Just How Much Do Individual Investors Lose By Trading?
Brad M. Barber
University of California, Davis
Peking University - Guanghua School of Management
National Chengchi University (NCCU) - Department of Finance and Banking
University of California, Berkeley - Haas School of Business
AFA 2006 Boston Meetings Paper
EFA 2005 Moscow Meetings Paper
We document that individual investor trading results in systematic and, more importantly, economically large losses. Using a complete trading history of all investors in Taiwan, we document that the aggregate portfolio of individual investors suffers an annual performance penalty of 3.8 percentage points. Individual investor losses are equivalent to 2.2 percent of Taiwan's GDP or 2.8 percent of total personal income - nearly as much as the total private expenditure on clothing and footwear in Taiwan. Using orders underlying trade, we document that virtually all of individual trading losses can be traced to their aggressive orders; passive orders placed by individuals are profitable at short horizons and suffer modest losses at longer horizons.
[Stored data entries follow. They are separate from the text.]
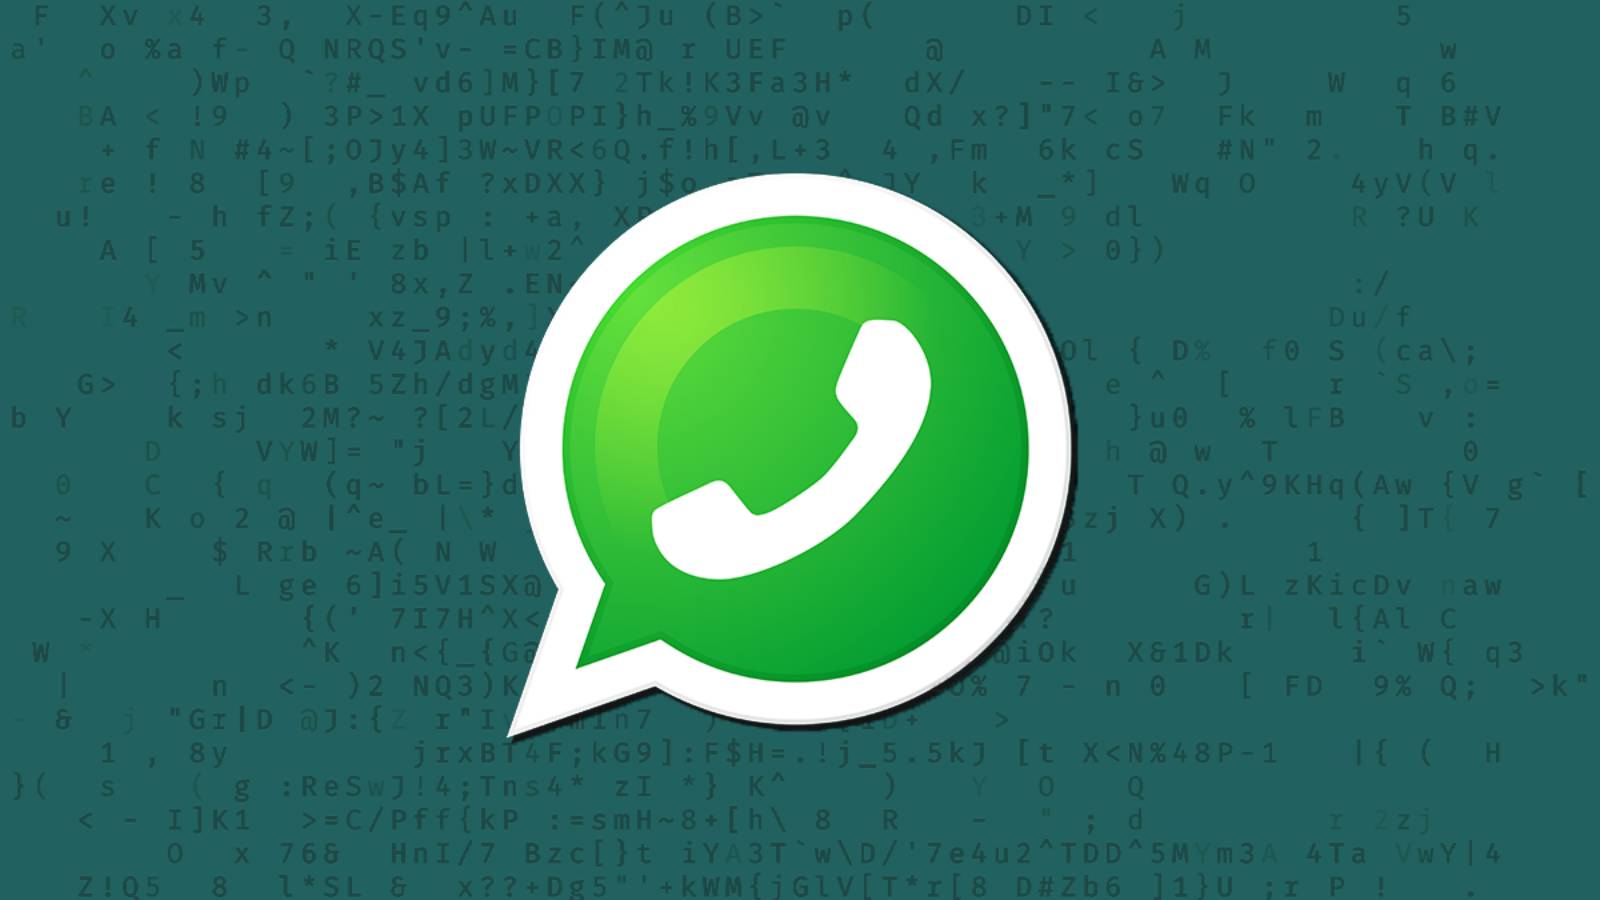 WhatsApp URIASA Schimbare Adusa Direct Facebook Messenger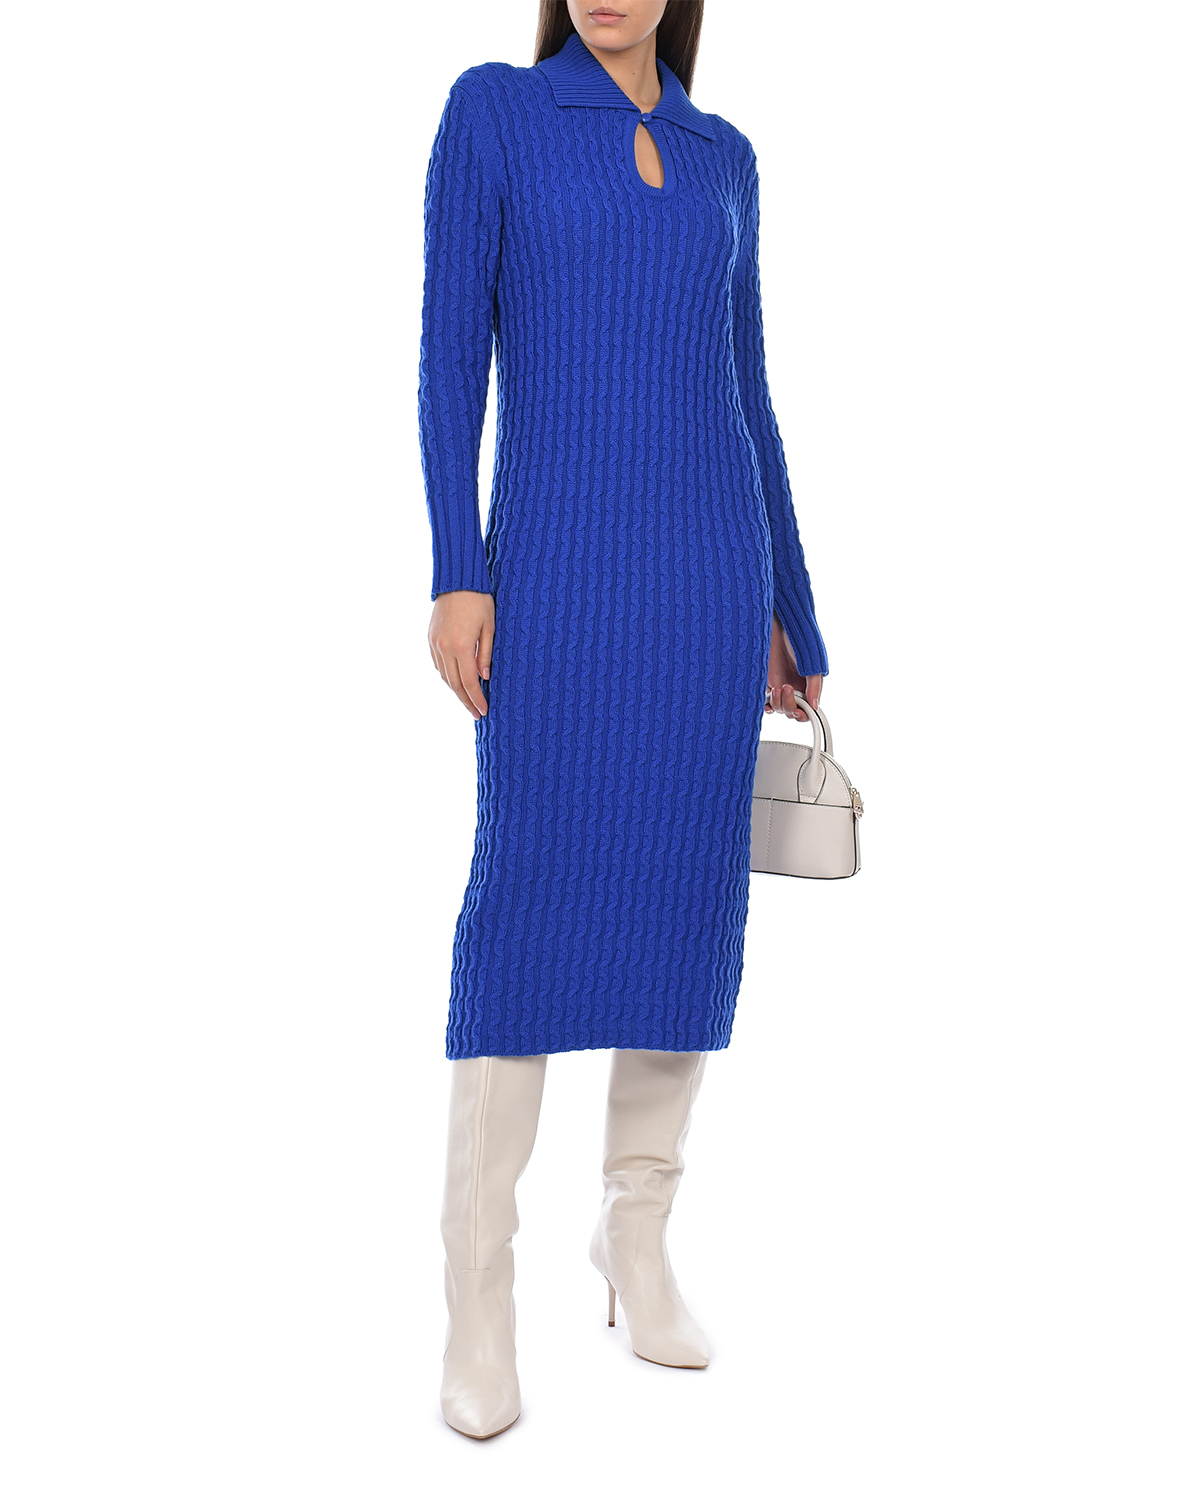 Ярко-синее платье из трикотажа Vivetta, размер 42, цвет нет цвета - фото 2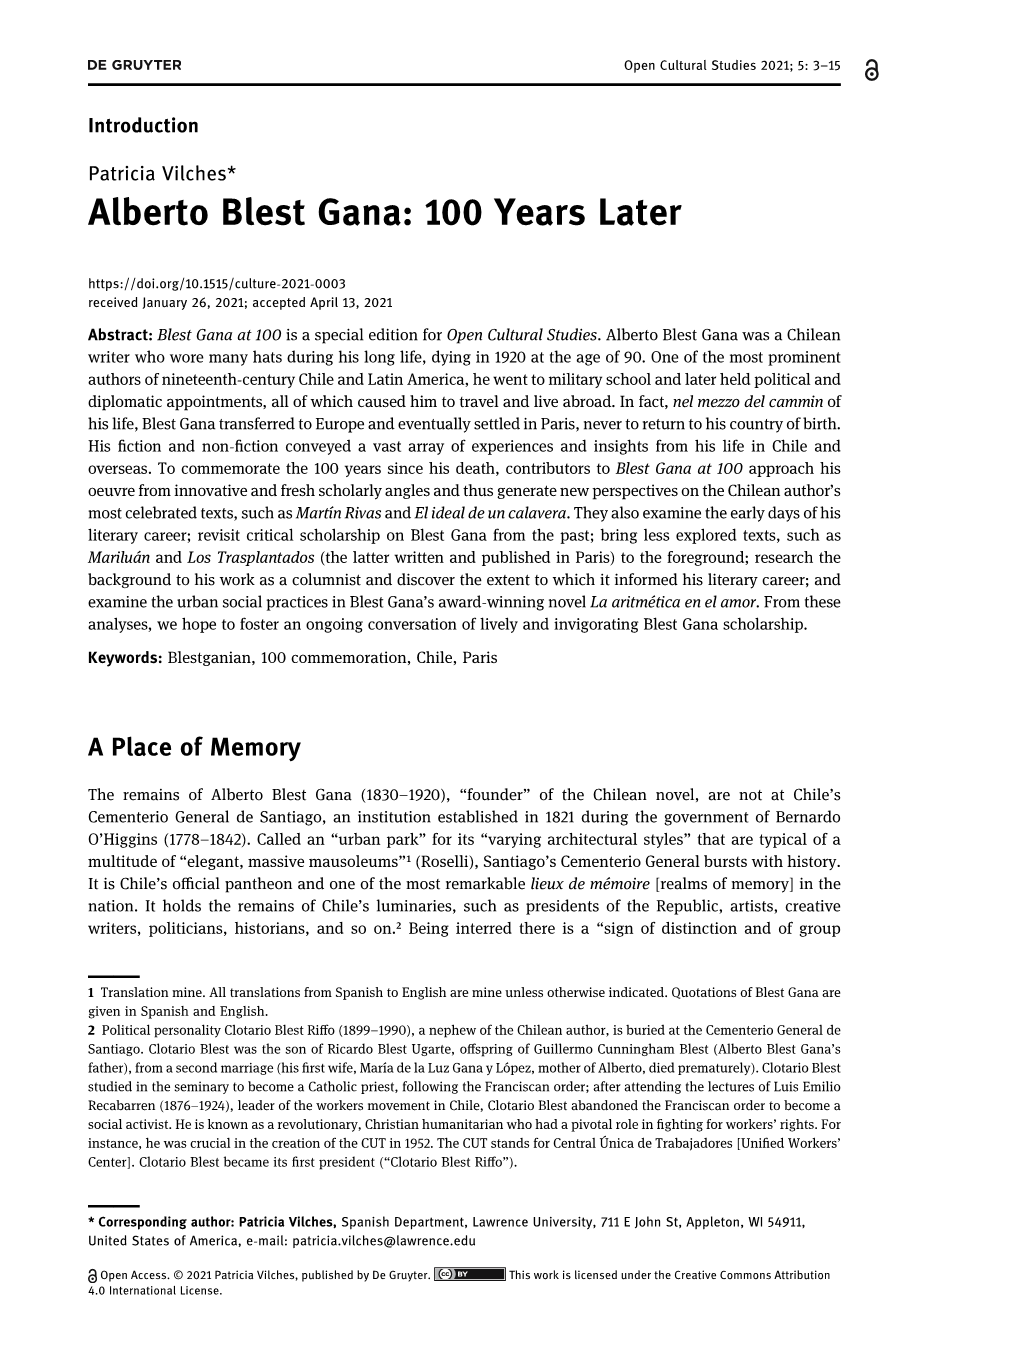 Alberto Blest Gana: 100 Years Later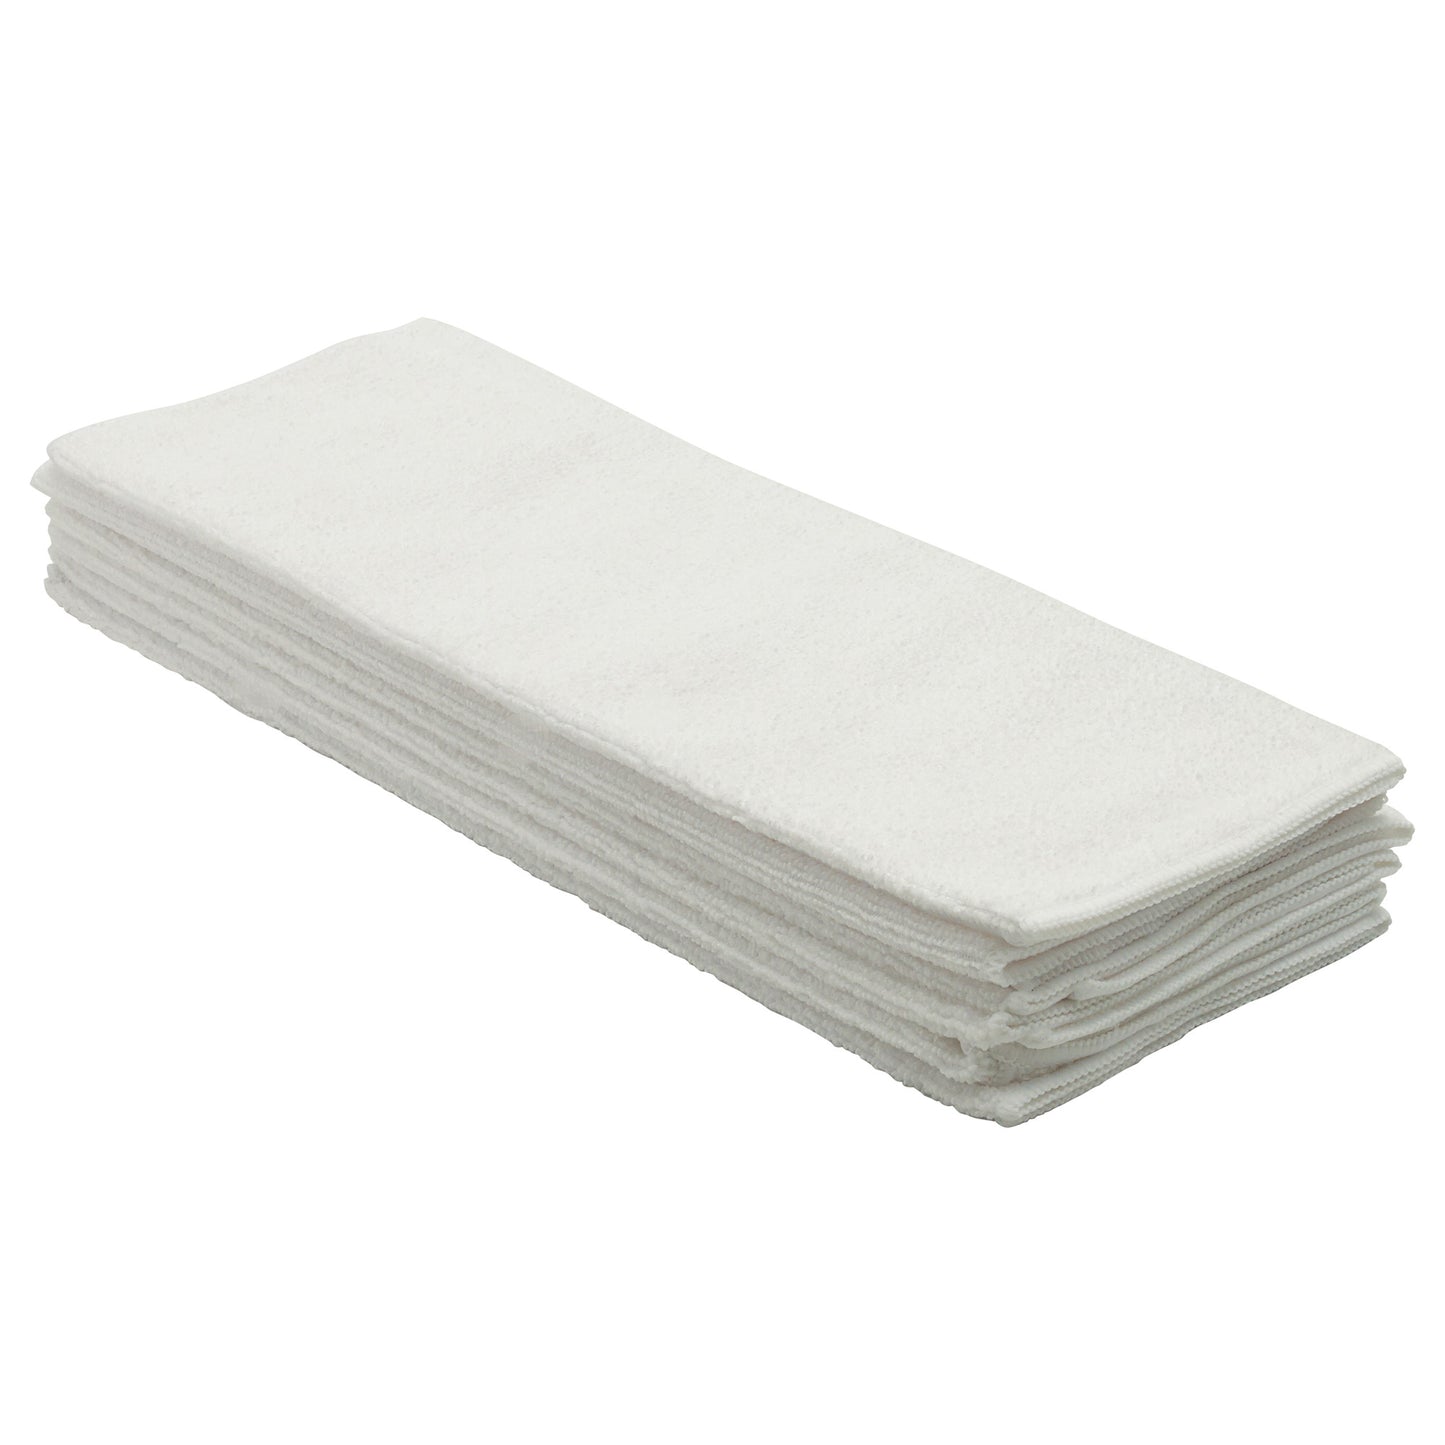 BTM-16W - Microfiber Towel, 16" x 16", 6 Pack - White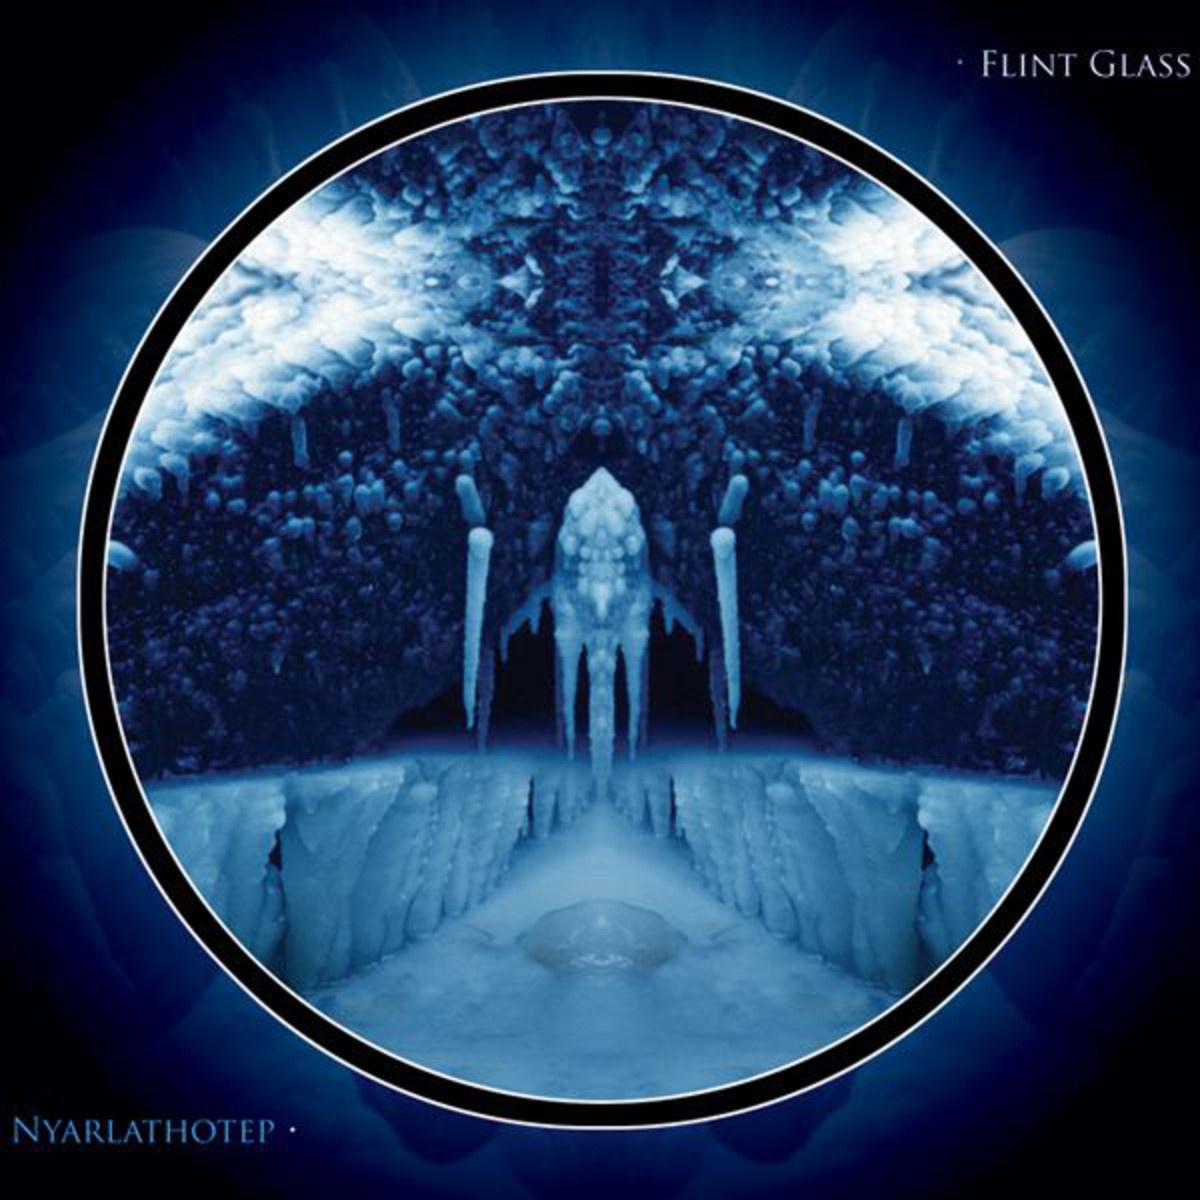 Flint Glass - Angular space

In contrast, institutions enjoy an annual performance boost of 1.5 percentage points (after commissions and taxes, but before other costs) and both the aggressive and passive trades of institutions are profitable. Foreign institutional investors garner nearly half of the institutional profits. Finally, the introduction of a legal lottery in Taiwan in 2002 coincided with a 25 percent reduction in turnover on the Taiwan Stock Exchange.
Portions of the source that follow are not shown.